French oil giant TotalEnergies SE expects refining margins to stay strong, especially once a ban on imported Russian petroleum products goes into effect, owing to Europe’s inability to compensate for the lost volumes.

“We think that the ban on Russian petroleum products that will be effective in February 2023 will contribute to maintaining these distillate cracks at a very high level,” TotalEnergies CFO Jean-Pierre Sbraire said Oct. 27 during the company’s third quarter of 2022 webcast and conference call with analysts.

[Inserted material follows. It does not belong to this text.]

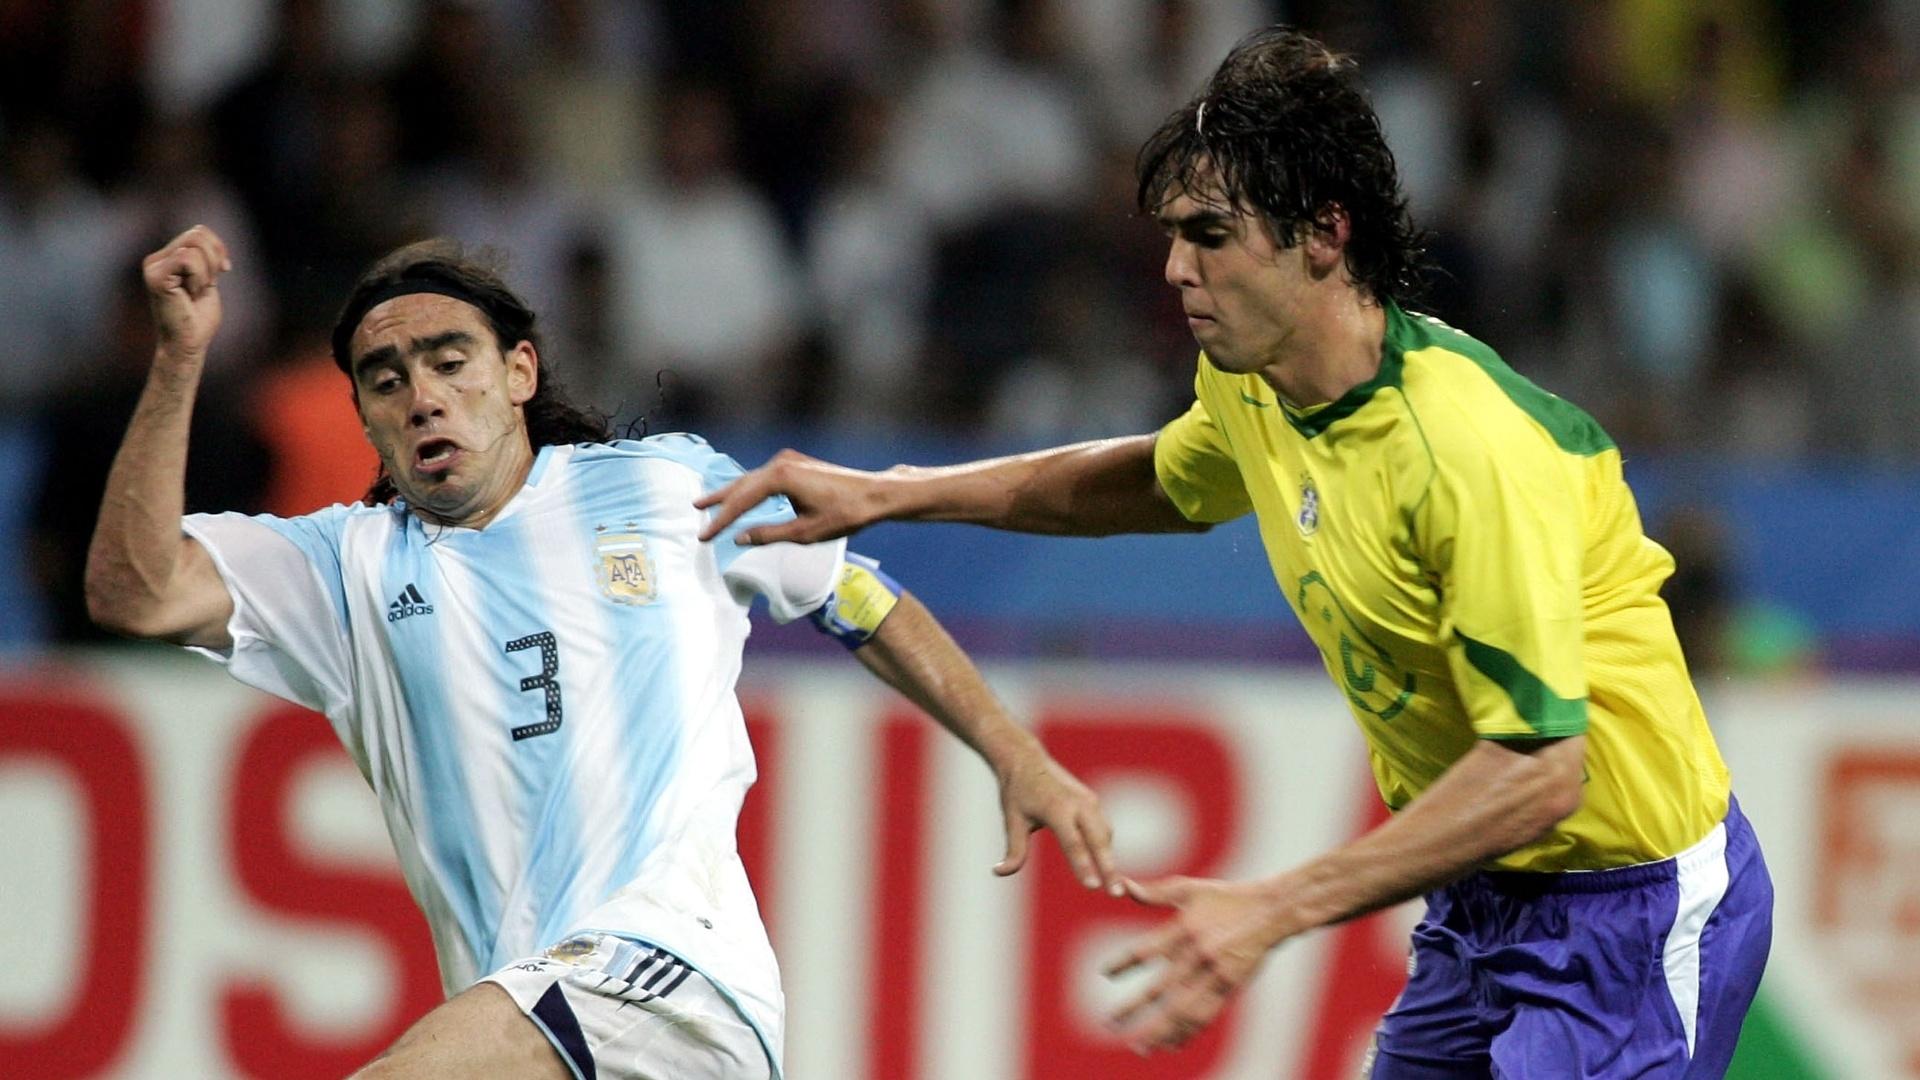 Kaka e Sorin disputam jogada durante a Copa das Confederações de 2005

The company’s average refinery throughput was 1.6 million bbl/d in the third quarter, up 31% compared to the previous-year quarter, due “to the recovery in demand, particularly in Europe and the U.S., the restart of the Donges refinery in France in the second quarter of 2022 and the Leuna refinery in Germany,” the company said Oct. 27 in a separate press release.

Additionally, Sbraire said it would be easier to compensate for the loss of crude due to a ban on Russian crude that goes into effect in December 2022 due to an ability to reroute crude shipments to other countries.

“But we are very clear that all these bans will contribute to support prices. Russian crude will need to find alternative customers, so it will go to India, perhaps to China or more globally in Asia,” Sbraire said. “These countries could therefore benefit from discounted crude. But on the opposite, the European refiners will have to pay a premium to attract new crudes. So that's the paradox of this ban, I think, implemented at the level of the EU.”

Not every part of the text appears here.